Why was she so mad at Mullin? Why did it make her so angry to see him in her home? Yes, he’d been a horrible boyfriend, but that was ages ago. She was still punishing him. Was she just as bad as the Stocktons? Desperate to keep her family of origin sheltered from outsiders? The irony crashed down on her. She was such a hypocrite. She’d moved into Pineapple Street and felt furious at Georgiana for the very thing she had been doing to Mullin for the past decade and a half. Fuck.
“Hey, Mullin?” she called, and he ambled to the door. “Did you help with these plantings?”
“Yep,” he said, taking a swig from the can.
“They look really good.”
“I know. People pay me a lotta money for it.”
“Well, it’s worth it,” Sasha said contritely. “I’m sure Mom and Dad appreciate it.”
Mullin sauntered down the steps and surveyed the garden. “Penny for your thoughts?”
“They cost more these days,” Sasha deadpanned, and Mullin smiled. “I feel guilty I didn’t realize things were so bad with my dad.”
“I think it surprised everyone,” he offered.

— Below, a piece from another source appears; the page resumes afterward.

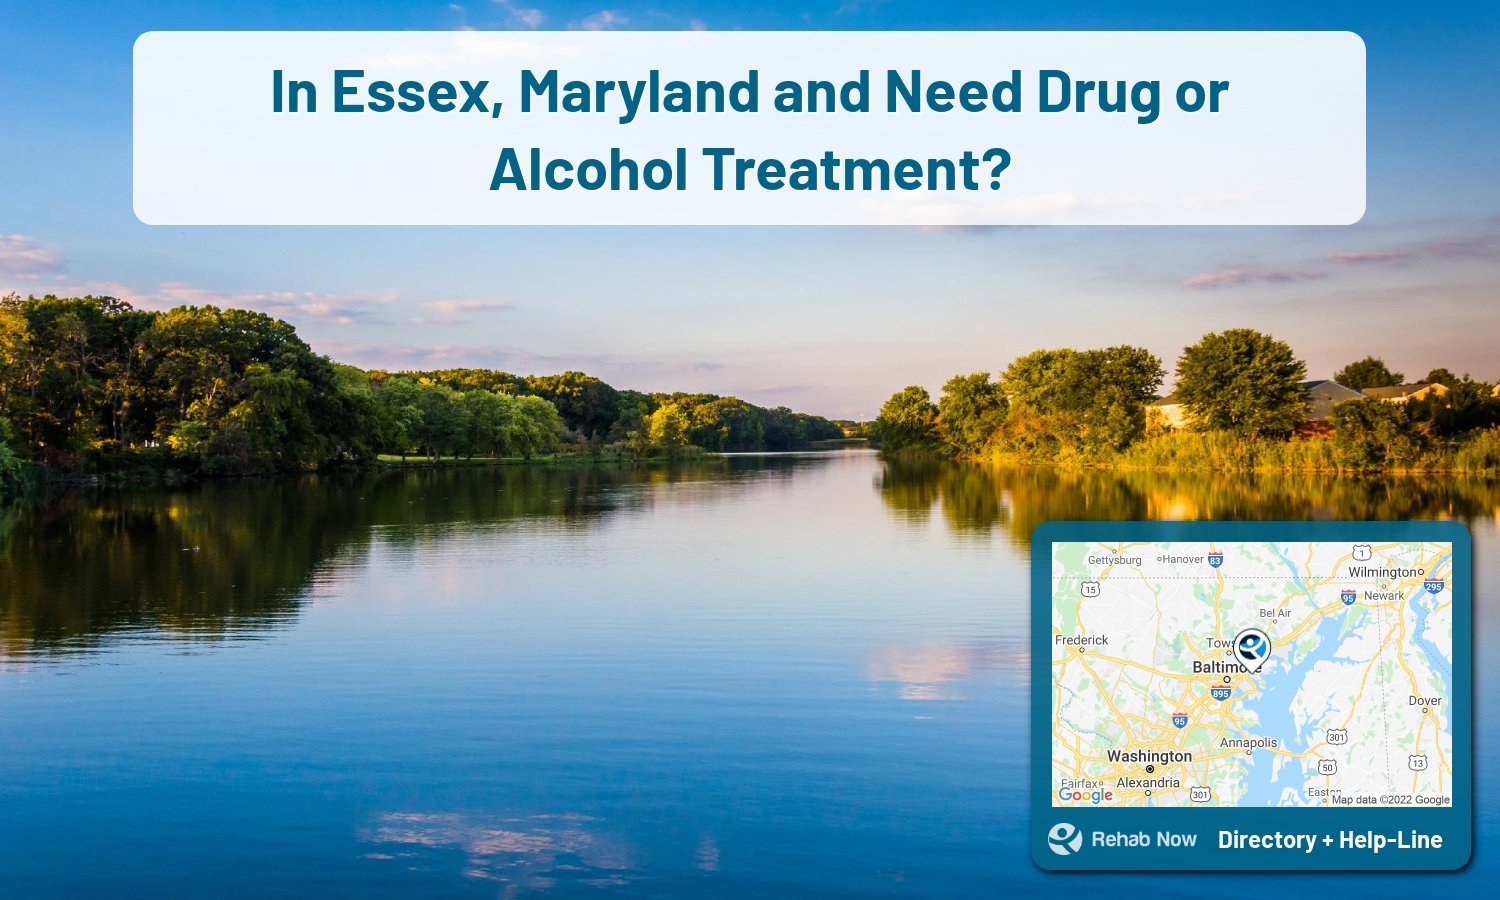 Find drug rehab and alcohol treatment services in Essex. Our experts help you find a center in Essex, Maryland

“I know. But I’ve had my head up my ass. I’ve been a terrible daughter. I hope my mom will forgive me,” she confessed quietly.
Mullin thought for a minute. “Do you remember the dances we’d have in middle school? The ones in the gym?”
Of course Sasha did. They were her favorite thing. She and her friends would pick out their outfits weeks in advance, they would get together ahead of time and spray themselves with drugstore perfume, would wear dangly earrings they bought at Claire’s Boutique, would spend ages with curling irons and hair spray getting their bangs just right.